The work of Itard contributed to the need of the provision of special education and services to individuals with disabilities. The special education can be provided in public school systems or any other learning institution to individuals aged 2 to 21 years.  The main goal of special education is to ensure that students suffering from disabilities have the right environment that supports the intellectual, social and emotional development.  Individuals suffering from disabilities qualify to join special education. These are the blind, deaf, those with mental disabilities.  The various forms of mental disabilities include autism, Down syndrome, traumatic brain injury, and oxygen dependence.  Others are those with learning disabilities such as behavioral disorders, conduct disorders, attention deficit hyperactive disorders, and dyslexia (Strichart, S & Mangrum, 2010).

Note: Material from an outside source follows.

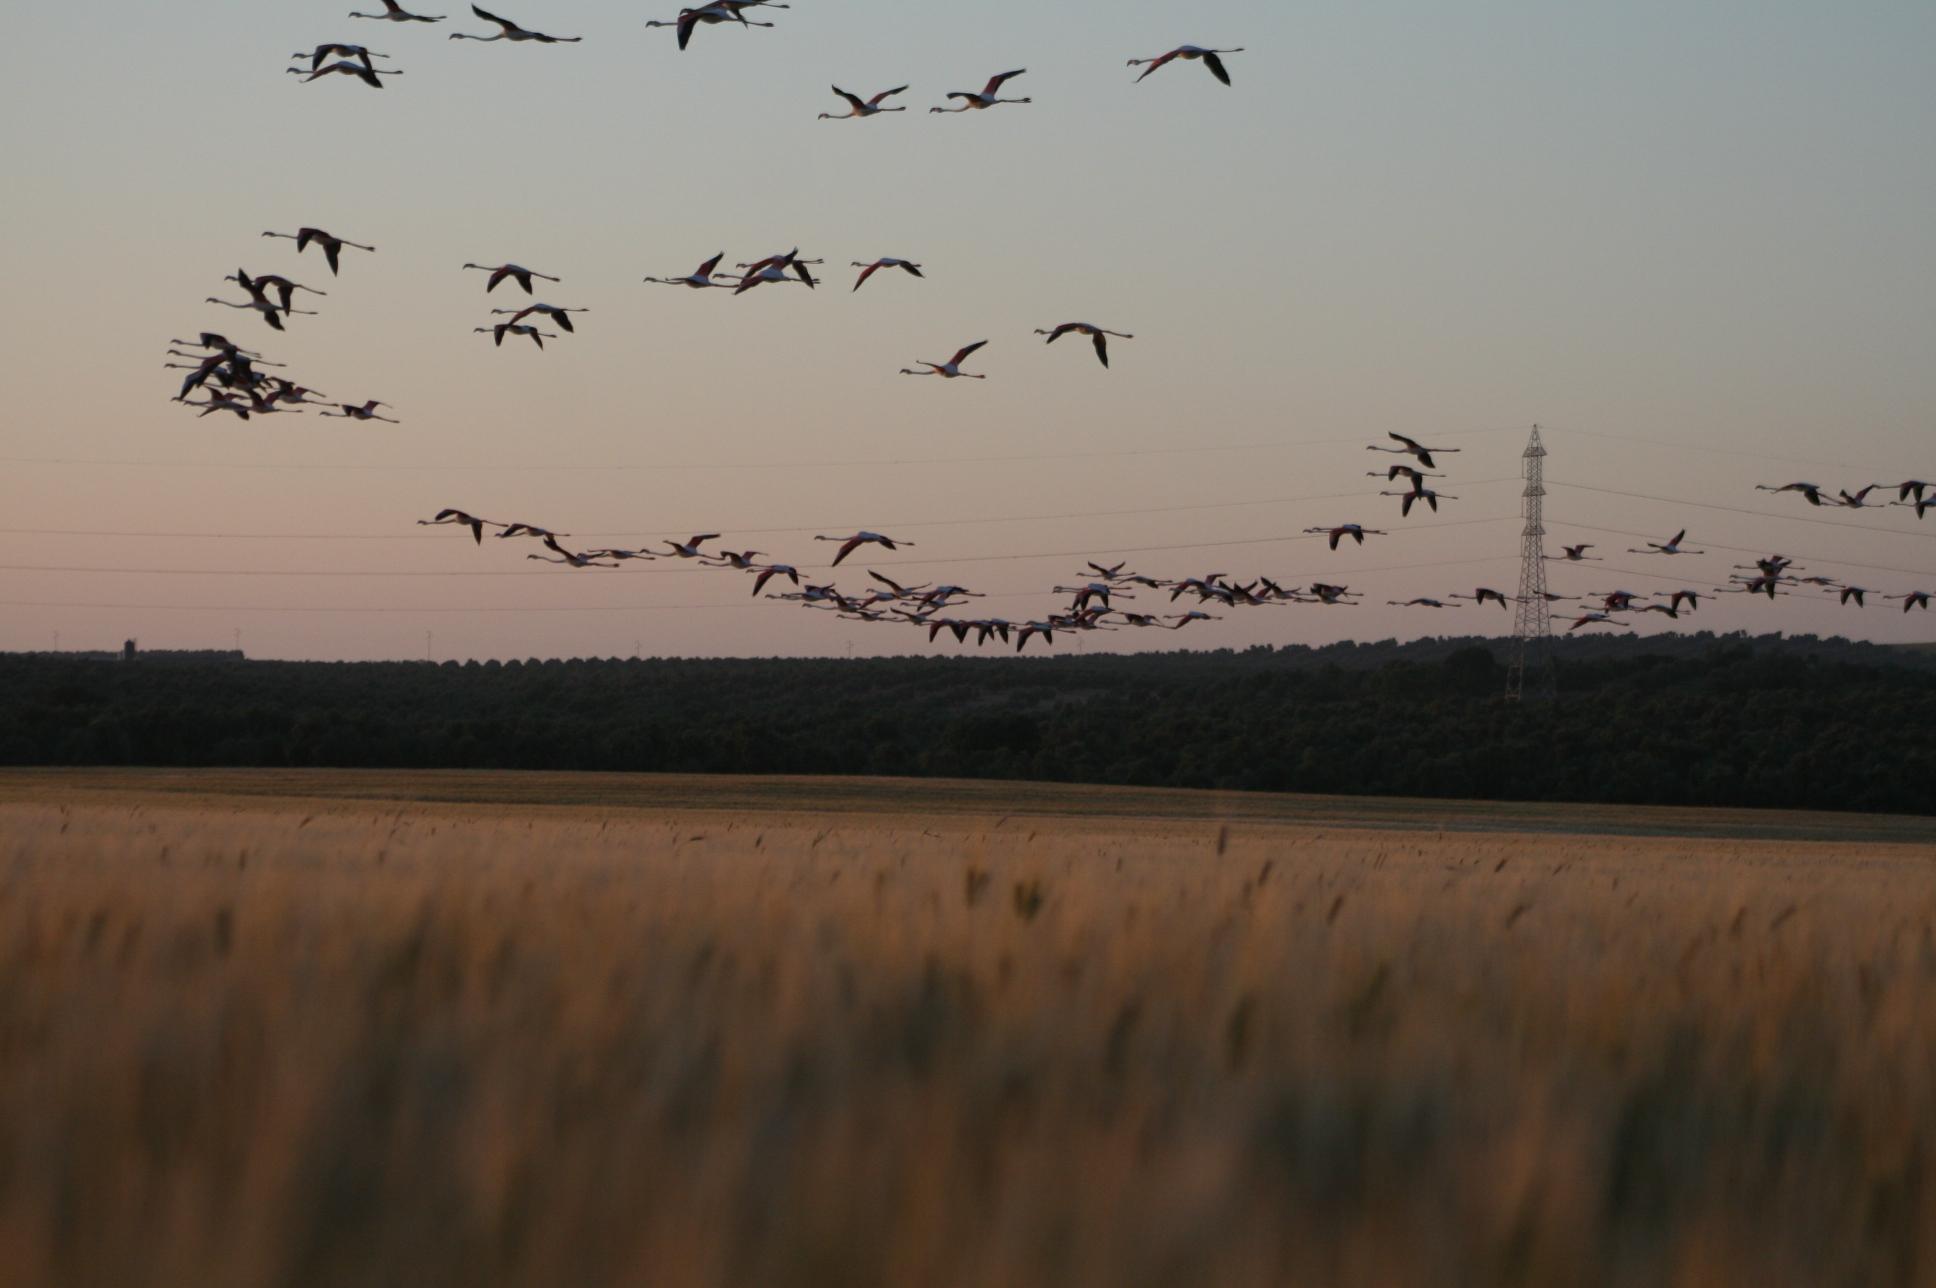 Patentan un dron biomimético para luchar contra las plagas aviares

He aimed to provide a more congenial social life to the boy by making it similar to the wild life that the boy was used to.  Itard also aimed to excite the boy’s nervous system through energetic and varied stimuli and give his mind with raw ideas of his impression. The psychologist further aimed at extending the boy’s range of ideas through expanding his relations with the life around him.  However, these objectives were not achieved, because after the five years under the systematic instruction, Victor could still not express himself using language. Despite this limitation, his work contributed to his accolades and status to be known as the father of systematic instruction for individuals suffering from cognitive limitations. Itard’s successors such as Seguin managed to develop programs and methodologies that are in the present day.


Some of the notable people in the United States include Wilbur, Howe and Dix, who came up with the provision of personalized care and support to people with special needs.  This specialized care in Itard’s devotion in providing his patient with educative procedures, which in the long run, hoped would improve on the child’s wild behaviors.  Edouard Seguin was Itard’s student who later in 1848 immigrated to the United States.  Seguin has become famous for his contribution in providing education to young people who are mentally retarded.  This is contrary to the common belief that students who are mentally retarded cannot be taught.  This means that the ideas of the earlier thinkers of special education were truly revolutionary, and some of their idea has formed the foundation of the modern day special education. Such ideas include the need to provide individualized instruction based on child characteristics.  This means that students with special need do not have to undergo academic systems with prescribed content or teaching techniques in their education systems.


Summary of contributions

The early special educators were the first in contributing to a suitable learning environment   for a child with a disability. Such an environment is that which allows the child to learn naturally. They also emphasized on the issue of awakening and stimulating a child senses so as to help him be responsive and aware of an educational stimuli (Stichter, Conroy, & Kauffman, 2008). The early special education educators managed to sequence educational tasks in a careful way by starting from the simple and familiar ones to the more complicated and unknown.  They also came up with immediate reward as a reinforcement of a desirable behavior. These educators also believed that children with special needs have to be taught so as to achieve their greatest potential.  Lastly, the educators believed that a student should be taught functional skills to help them become productive and self sufficient on their daily lives.


Reference

Itard, J. (1962) the wild boy of Aveyron developments of the young savage. New York, Prentice-Hall Inc.

Disability Museum Website (2012) Disability History

http://www.disabilitymuseum.or

On November 15, 2012

Stichter, J., Conroy, A, & Kauffman, J (2008) an introduction to students with high-incidence disabilities. Upper Saddle River, N.J.: Pearson/Merrill/Prentice Hall.

Strichart, S & Mangrum, C (2010) Study skills for learning disabled and struggling students Grades 6-12. Upper Saddle River, N.J.: Merrill.